You could also transpose the matrix, yielding A with m rows denoting selectors and n columns denoting declarations. For my homepage’s CSS, m = 60 and n = 81; for bigger stylesheets, several thousand in either direction is not uncommon.

Now, linear algebra gives us algorithms to find a matrix A′ ≈ A such that there exists a decomposition A′ = B × C, where B has dimensions m × r, C has dimensions r × n, and r is small – typically much smaller than m or n. So this is a way of dimensionality reduction.

In the usual algebra of real numbers, there’s no guarantee that B or C will themselves be binary matrices – in fact, most likely they won’t. But if we operate in Boolean algebra instead (i.e. one where 1 + 1 = 1), then both B and C will be binary. The flip side is that the Boolean BMF problem is NP-hard, so the algorithms found in the wild perform approximate decompositions, not guaranteed to be optimal.

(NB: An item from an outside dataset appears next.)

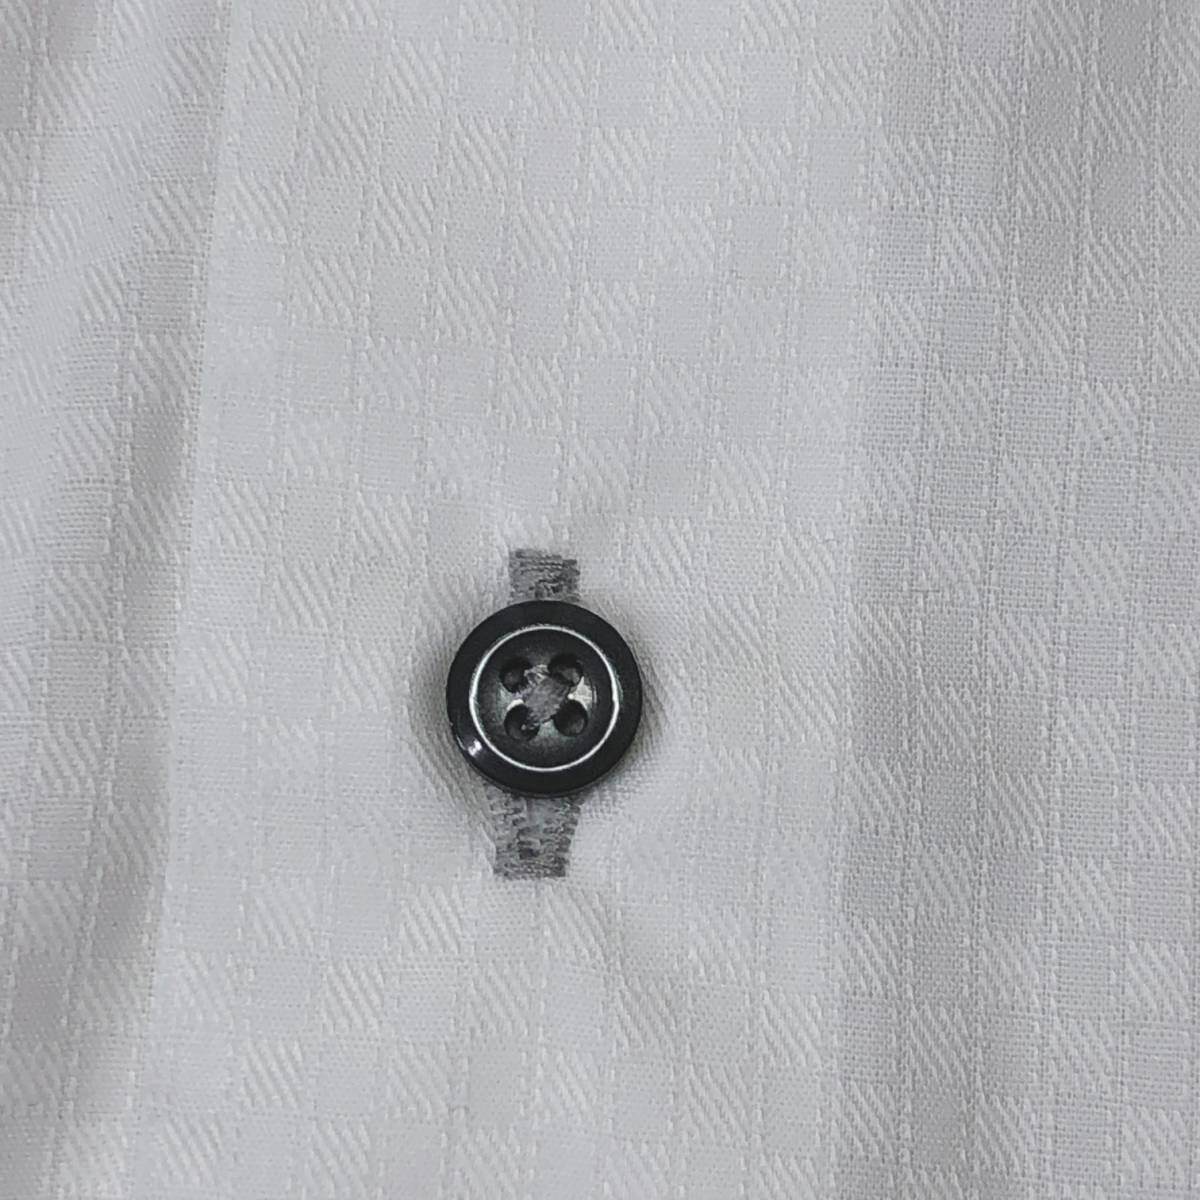 X348 hiromichinakano ヒロミチナカノ メンズ トップス シャツ 半袖 ホワイト 白 綿素材含 シンプル 上品 オフィススタイリッシュルックの画像9
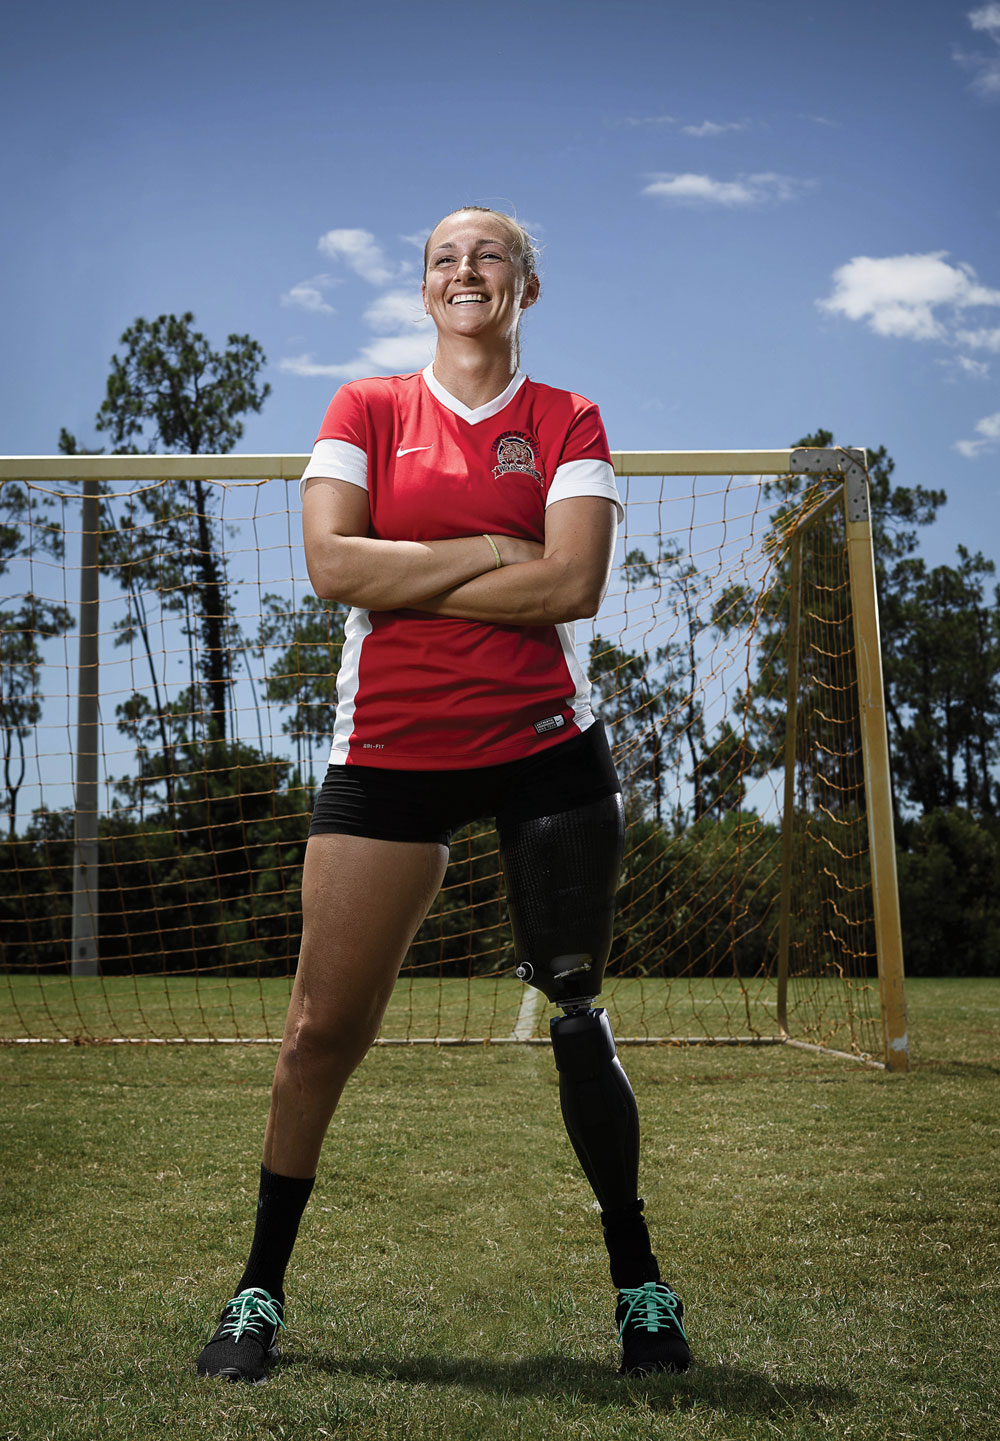 adaptive sports athlete soccer player bree

But that’s okay, because lossiness is inherent in what we’re doing anyway, and it turns the binary matrices B and C are readily interpretable. Look again at the CSS matrix above: why is there a 1 in the top-left cell? Because at least one of the CSS rules stipulates the declaration padding: 0 for the selector h1.

This is exactly the definition of matrix multiplication in the Boolean algebra. The matrix A′ will have a 1 at coordinates [i, j] iff there is at least one k ∈ {1, …, r} such that B[i, k] = 1 and C[k, j] = 1. So the columns of B and rows of C actually correspond to CSS rules! Every time you write CSS, you’re actually writing out binary matrices – and the browser is multiplying them to get at the actual behaviour.

Well, not really, but it’s one way to think about it. It’s not perfect – it completely glosses over rules overlapping each other and having precedence, and treats them as equally important – but it somewhat works!

You could plug in any BMF algorithm to this approach. For cssfact, I’ve picked the code by Barahona and Goncalves 2019 – sadly, I wasn’t able to find the actual paper – not because it performs spectacularly well (it’s actually dog-slow on larger stylesheets), but because I was easily able to make it work and interface with it.

Why

Why not?

The sheer joy of exploration is reason enough, but I believe there are potential practical applications. CSS codebases have the tendency to grow organically and eventually start collapsing under their own weight, and they have to be maintained very thoughtfully to prevent that. In many CSS monstrosities found in the wild, there are much cleaner, leaner, essence-capturing cores struggling to get out.

This tool probably won’t automatically extract them for you – so don’t put it in your CI pipeline – but by perusing the CSS that it produces and cross-checking it with the input, you could encounter hints on what redundancy there is in your styles. Things like “these components are actually very similar, so maybe should be united” may become more apparent.